INPUT DATA:
++++

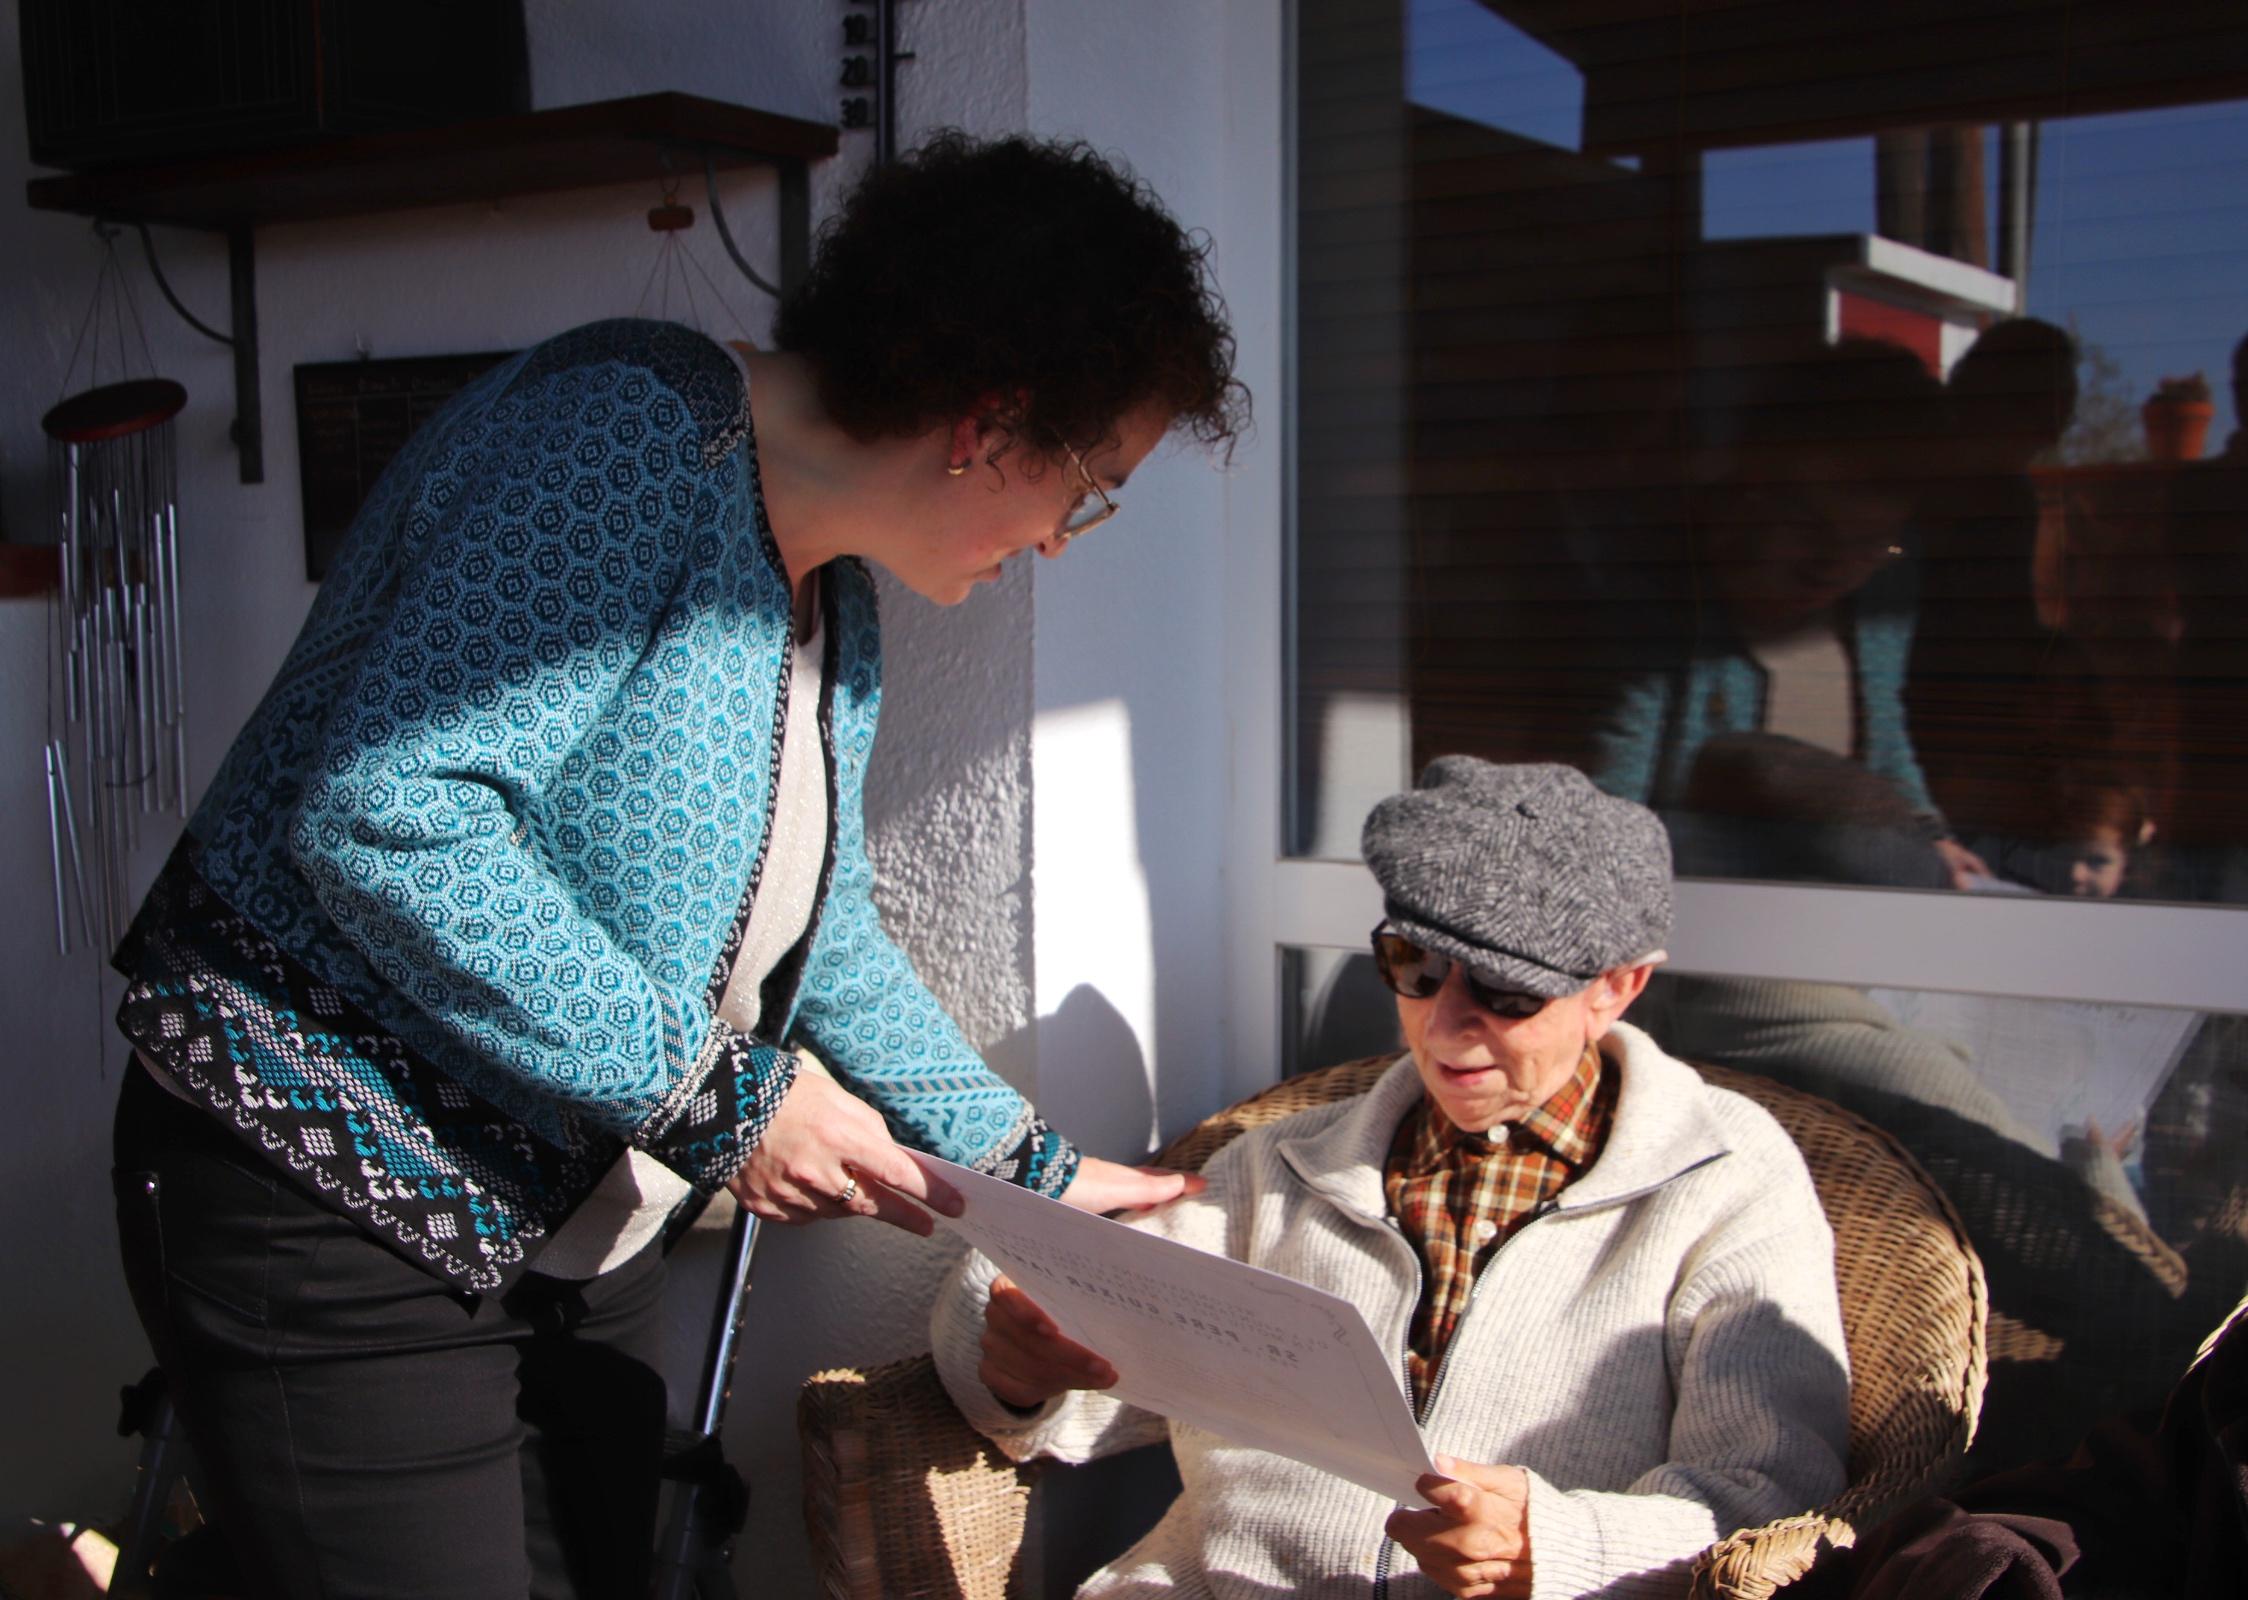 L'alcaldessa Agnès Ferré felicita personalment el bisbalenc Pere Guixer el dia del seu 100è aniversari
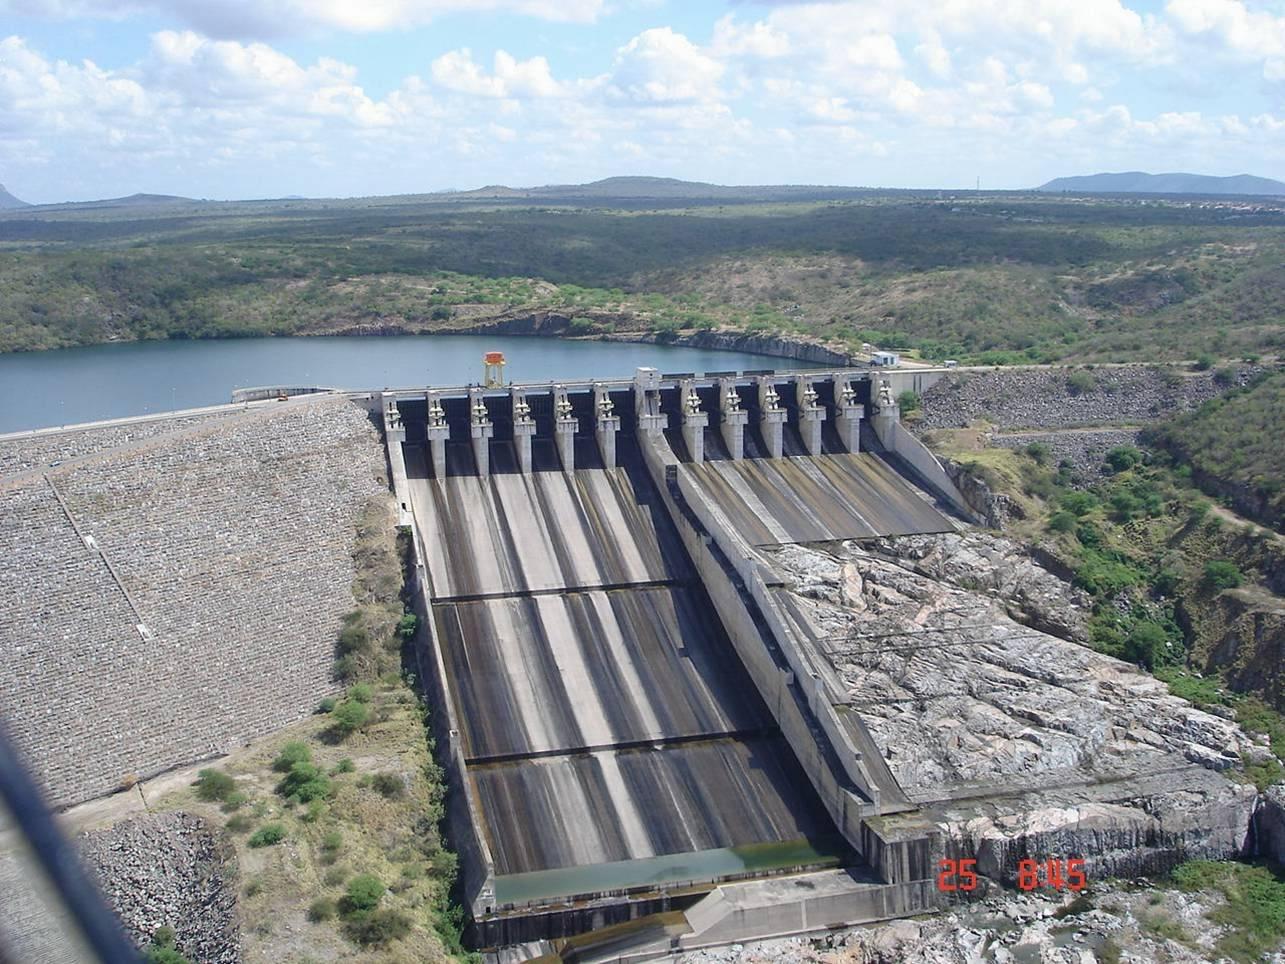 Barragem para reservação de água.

++++

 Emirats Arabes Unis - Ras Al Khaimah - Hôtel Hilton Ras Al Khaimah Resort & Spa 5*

++++

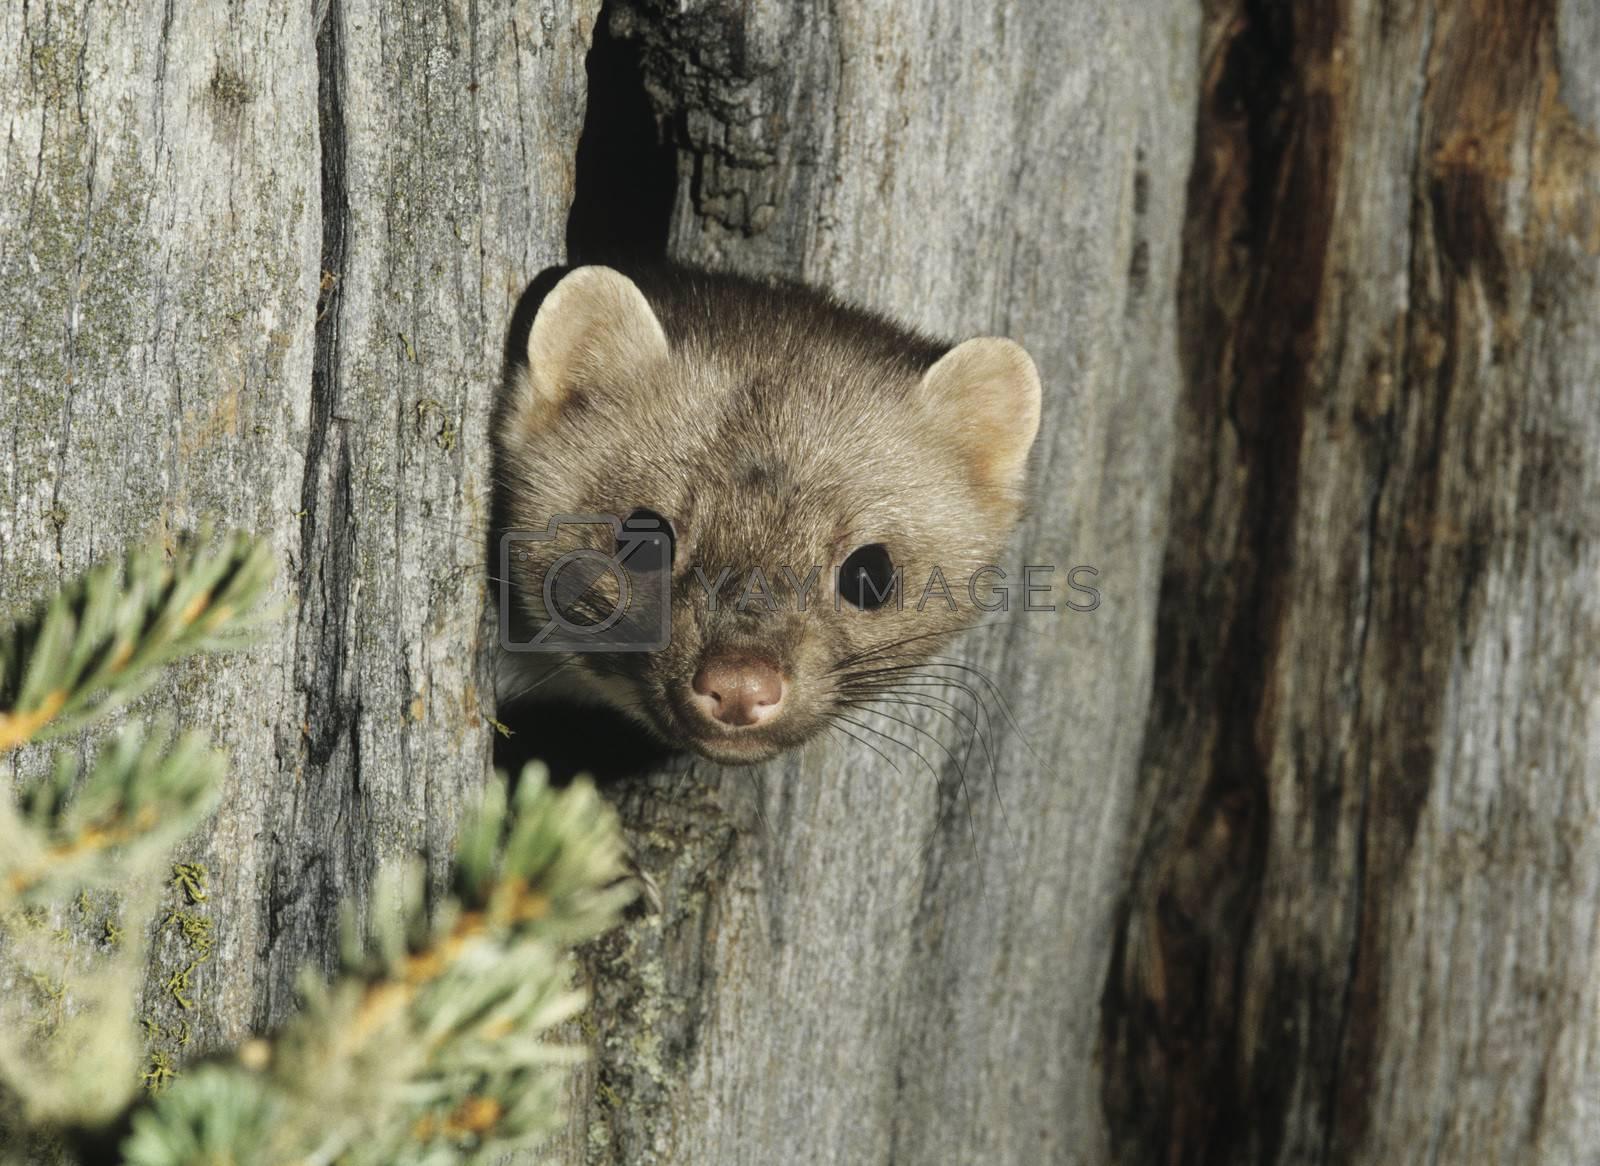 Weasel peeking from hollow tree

++++

WORK TO BE COMPLETED:
With the pictures removed, print only the lines starting at the line that has "L'alcaldessa Agnès Ferré" and ending at the line that has "Barragem para reservação de água.", both ends included, exactly as they stand above.

WRITTEN ANSWER:
 L'alcaldessa Agnès Ferré felicita personalment el bisbalenc Pere Guixer el dia del seu 100è aniversari
 Barragem para reservação de água.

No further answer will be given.